The 10 Most Important New Bars and Restaurants of 2018

As in, those likeliest to leave their mark on San Francisco dining.

Against the background of an ever-morphing series of scandals involving sexual harassment and abuse, 2018 had some pretty extraordinary flops: a drag-queen restaurant with atrocious drinks, a catastrophically terrible non-gastropub gastropub, a pastry dinette years in the making that didn’t make it to the six-month mark. Plus The Salzburg burnt down and Farmerbrown, La Victoria Bakery, and Hog & Rocks closed.

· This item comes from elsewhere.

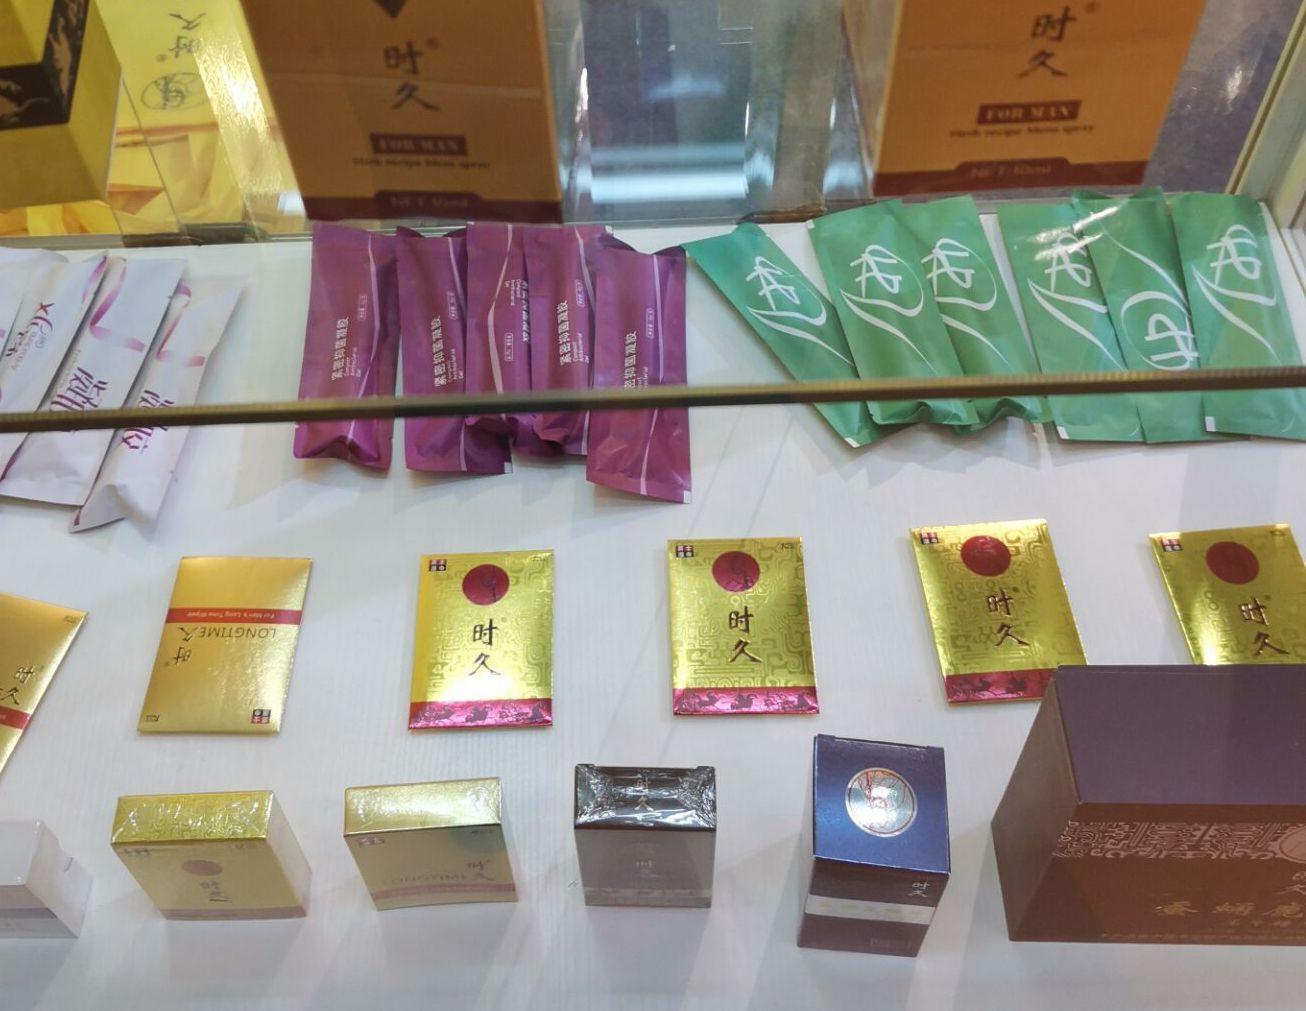 广州性文化节参展商及产品 (10)

The Bay Area has never had so many Michelin-starred restaurants, and a healthy economy — for the time being, anyway — has allowed eateries at the upper and lower price tiers to flourish even as retail implodes. It’s hard to say 2018 was a singularly outstanding year, but it had a number of newcomers strong enough to cast their own shadow and maybe nudge the overall scene in a particular direction.

132 The Embarcadero,

Chef Joshua Skenes of three-Michelin-starred Saison has an aesthetic of punctiliousness and determination, and this fishing lodge full of vigorous seafood preparations and ebullient cocktails doesn’t deviate one whit. Esquire rated Angler the Best New Restaurant in America for 2018, and its perfect harmony of style and substance makes that seem entirely plausible.

1906 Market St.

With apologies to anyone who washed their undies at the former Little Hollywood Launderette, this Scandinavian spot is a step up. Chef Nichole Accettola’s pork belly smørrebrød and savory porridge might have you convinced that you need to make a fundamental adjustment in the way you approach breakfast. Kantine distills the very best of Denmark to make us feel good and whole without succumbing to the cult of wellness.

680 Folsom St.

It’s not a burger robot. It’s not like the quinoa place that banishes human workers behind an impenetrable wall. It’s not the latest techie billionaire’s fad. OK, it might be a little bit of that last one, but after a rocky start, Creator’s eminently affordable and flavorful burgers won us over. Between the clever chef collabs and the mesmerizing machine itself, Creator is a model for the future of this quintessential American food.

Isla Vida
1325 Fillmore St.

Does the praise seem fulsome when this restaurant is reviewed in this very issue of SF Weekly? Does it seem as though insufficient time has passed to make a critical evaluation of this kind? Tough! This successor to Farmerbrown is the model for what fast-casual ought to be: Distinctive, earnest, and positively bursting with flavor across the board.

Marugame Udon
Stonestown Mall, 3251 20th Ave.

A chain?!? Yes, a chain — and a damn terrific one, cafeteria-service and all. Although we will never get tired of excellent ramen — and there was plenty of that this year, too — Marugame’s consistently excellent noodles and multiple flavor combinations are even more exciting. The Thai spicy chicken udon with chicken tempura is simply the best.

Trailblazer Tavern
350 Mission St.

When you walk up to this Hawaiian-influenced, second-floor Michael Mina project, your first thought might be, “Is this an abandoned Dreamforce set piece?” Then you fully enter it and realize it’s a rigorously playful restaurant that further advances the Aloha State’s already dynamic cuisine. This might be a West Coast version of what The Grill in NYC was hoping to achieve.

6101 California St.

Heaven means Eggs in Purgatory at this breakfast-lunch-and-dinner spot in the Richmond that’s a project by the team behind adjacent Pizzetta 211. An almost-overflowing combination of lamb sausage, spicy tomatoes, rosemary polenta, and toasted bread, it’s the best dish at a place that exemplifies what a neighborhood cafe can be.

2301 Clement St.

Twinned with nearby Pearl, the Richmond got two examples of how to fill a niche. Not only is this Fiorella follow-up open late, Violet’s is a chic, convivial spot for (very) elevated bar food and inventive cocktails. Chef Dante Cecchini’s food and Boris Nemchenok’s wines are the perfect match.

3228 Sacramento St.

Two words: sourdough focaccia. Chef Alex Hong and the team behind Sorrel, which started as a pop-up and is clearly headed for national acclaim, invaded the former Nico in Presidio Heights and brought one seasonal Italian masterpiece after another to a beautiful space. Sometimes, the urge to cheer someone along is so overwhelming that you have to give in and scream, even if you’re on a hot date.

Bon Voyage
584 Valencia St.

Trick Dog is always going to be the Madonna of bars, hellbent on perpetual reinvention. Bon Voyage, its tiki-esque little sibling, is simultaneously better-traveled and more firmly rooted. Tiki has sprouted up all over the place, but only Bon Voyage has the Rancho Mirage, a rum-and-scotch-filled take on the Coachella Valley “date shake.”

Runners-Up: Birdsong, Besharam, the reimagined Nico, The Board, Barvale.

Oakland’s Top Five: Nyum Bai, Dyafa, Belcampo Meats, Bardo Lounge and Supper Club, F.O.B. Kitchen.